━━ Source data

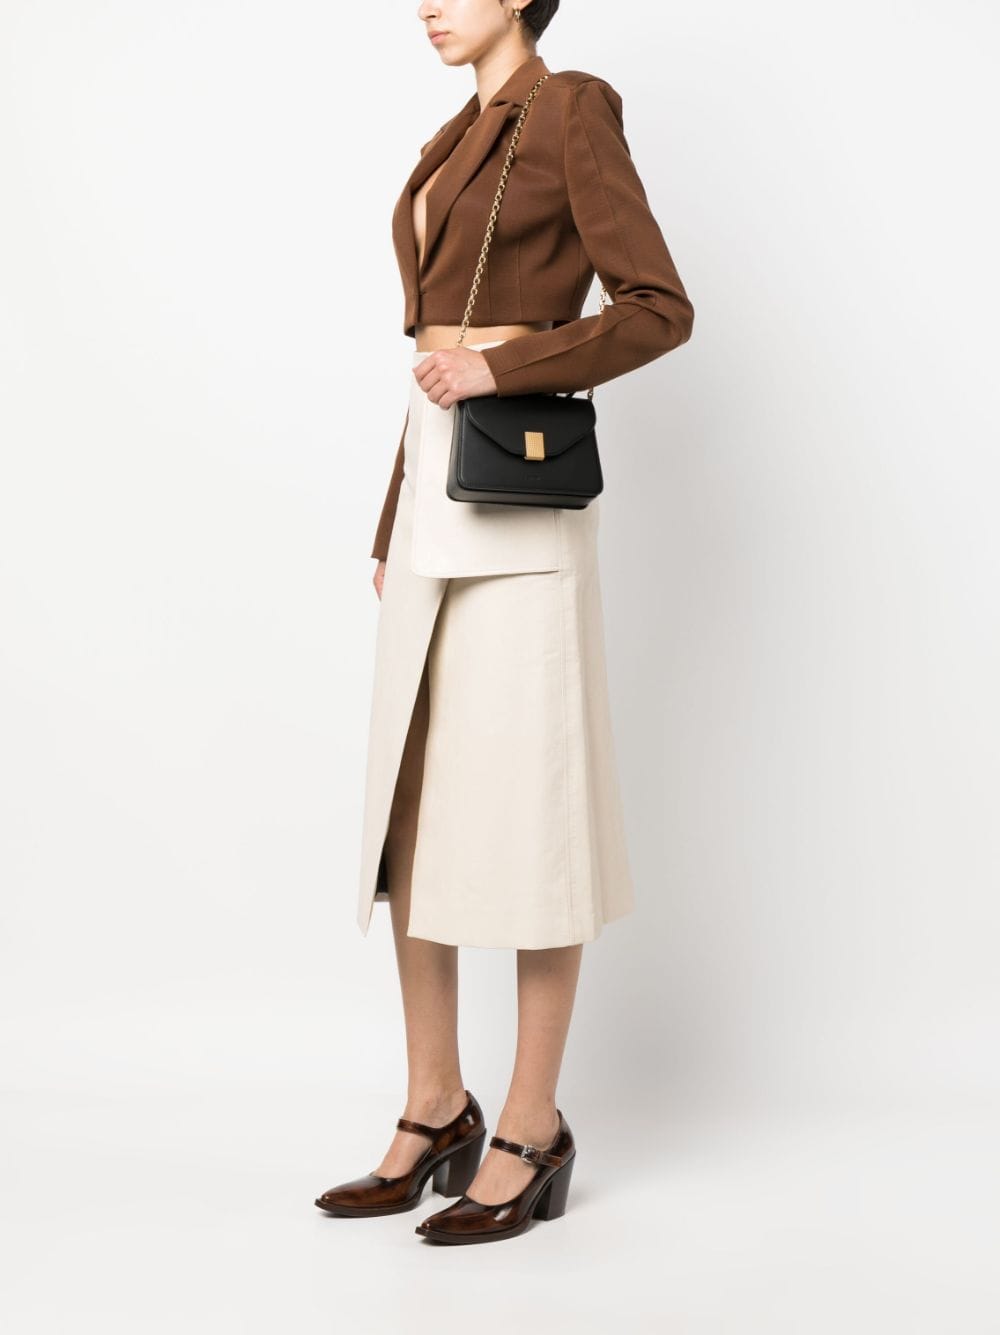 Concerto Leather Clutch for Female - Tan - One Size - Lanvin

━━━━
━━ Source data

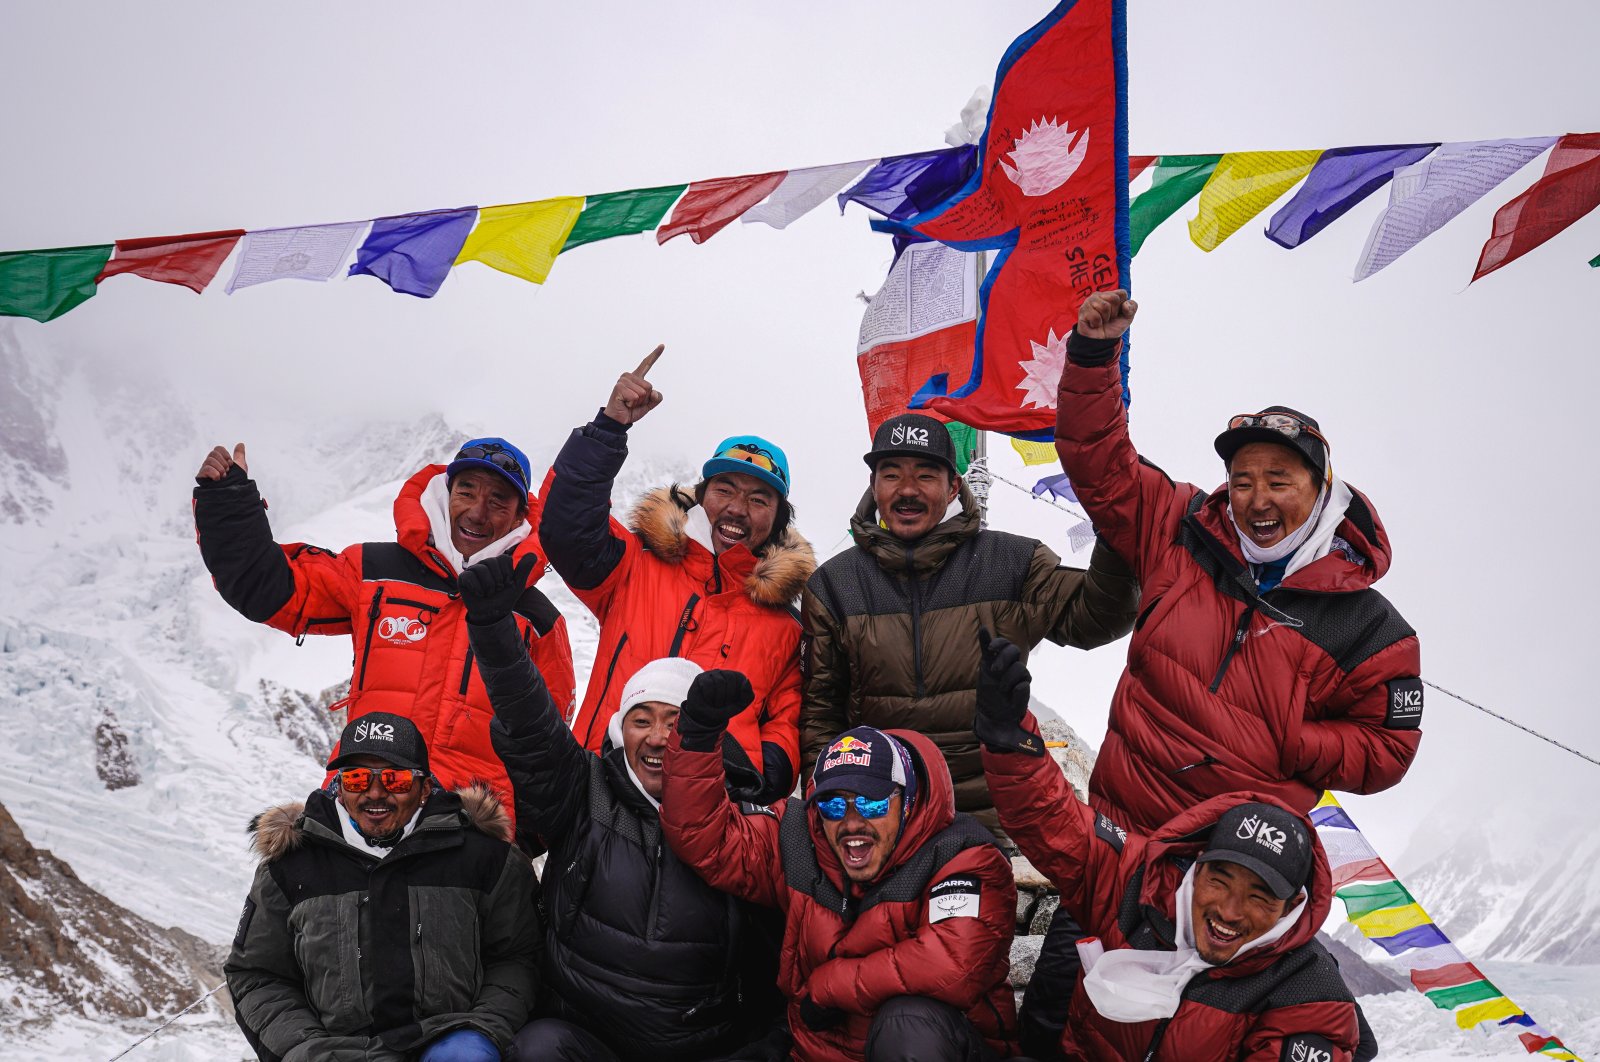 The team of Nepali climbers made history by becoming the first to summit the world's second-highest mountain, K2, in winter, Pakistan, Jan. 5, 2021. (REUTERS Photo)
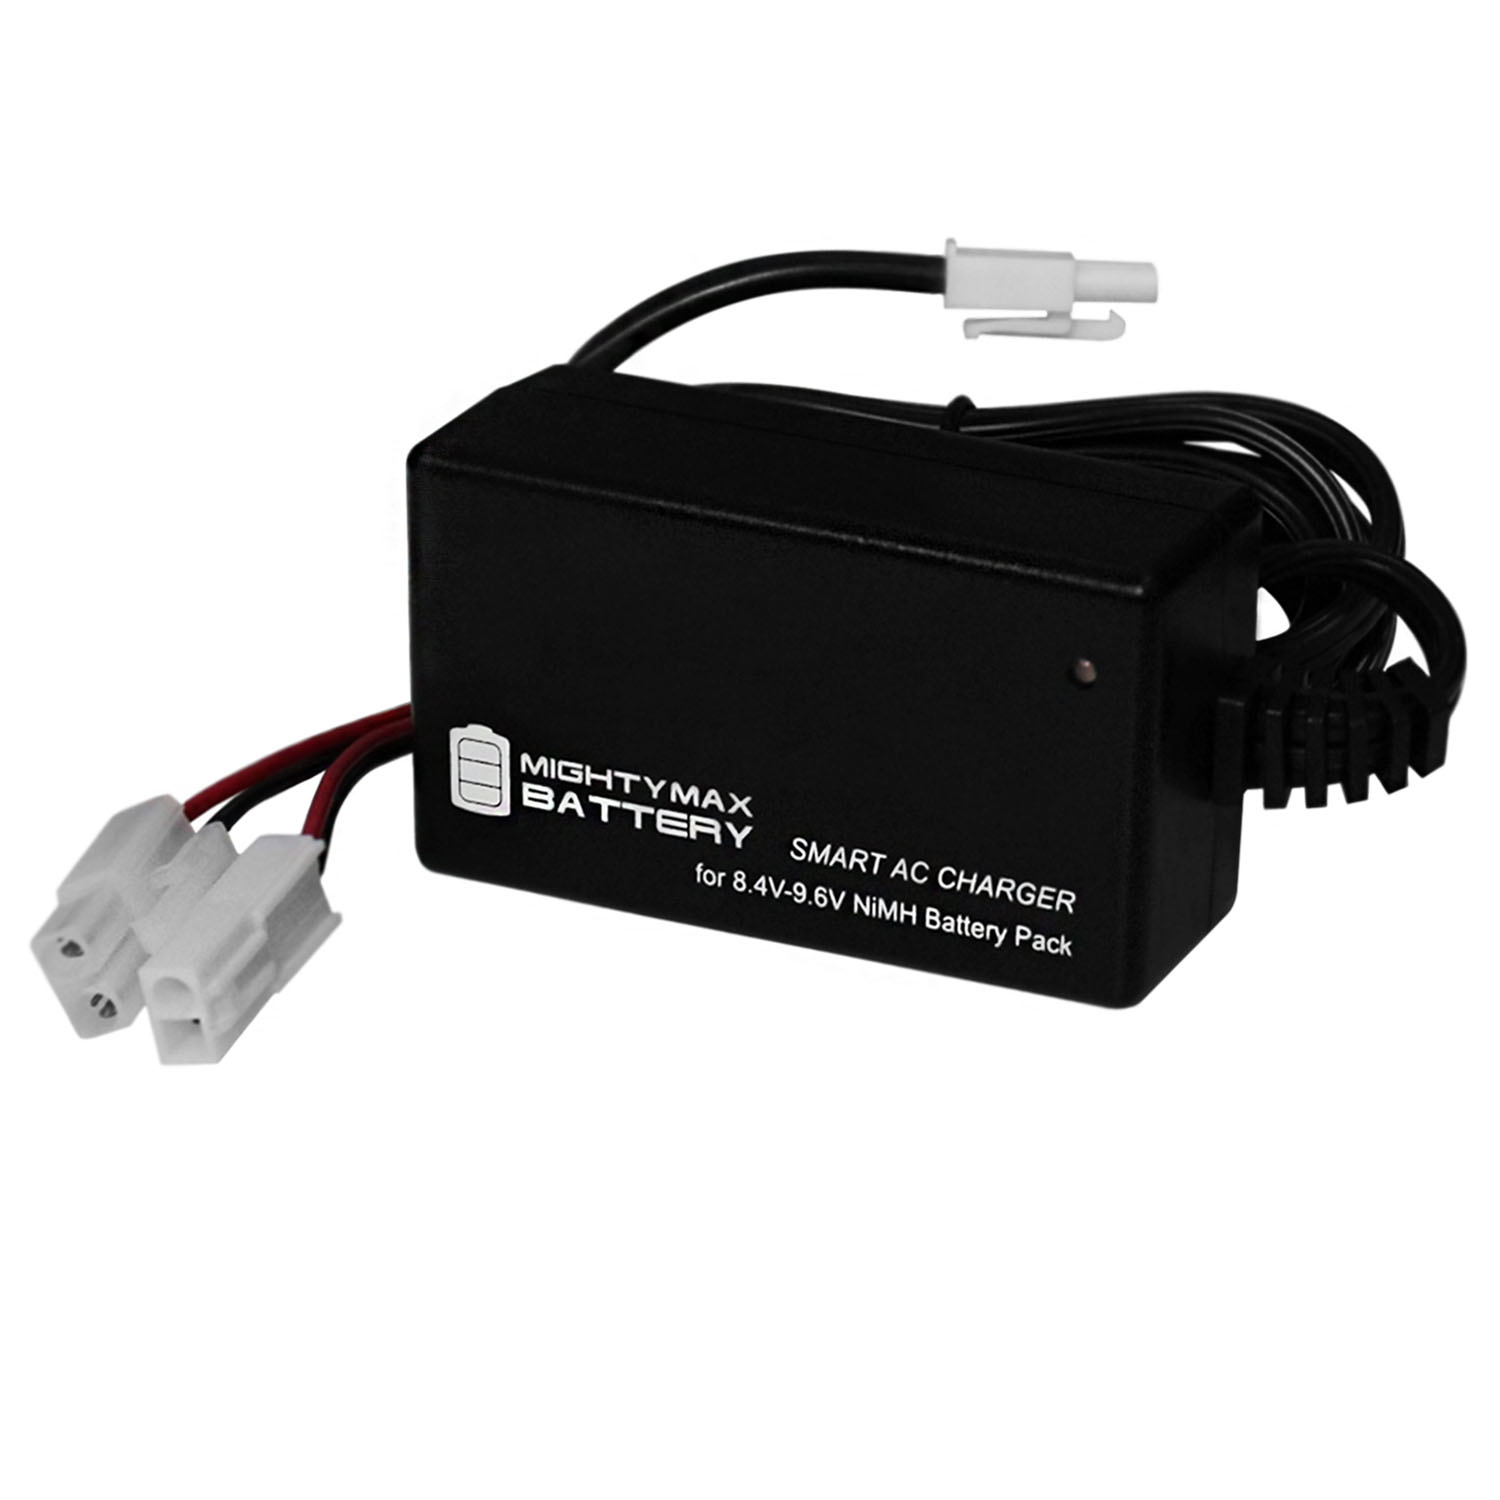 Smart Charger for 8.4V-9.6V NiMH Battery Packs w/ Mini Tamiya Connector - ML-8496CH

━━━━

**What the exercise asks**
Copy the entries above exactly, but only the stretch from the line containing "The team of" through the line containing "Smart Charger for". Keep both end lines; drop the pictures.

**Output**
 The team of Nepali climbers made history by becoming the first to summit the world's second-highest mountain, K2, in winter, Pakistan, Jan. 5, 2021. (REUTERS Photo)
 Smart Charger for 8.4V-9.6V NiMH Battery Packs w/ Mini Tamiya Connector - ML-8496CH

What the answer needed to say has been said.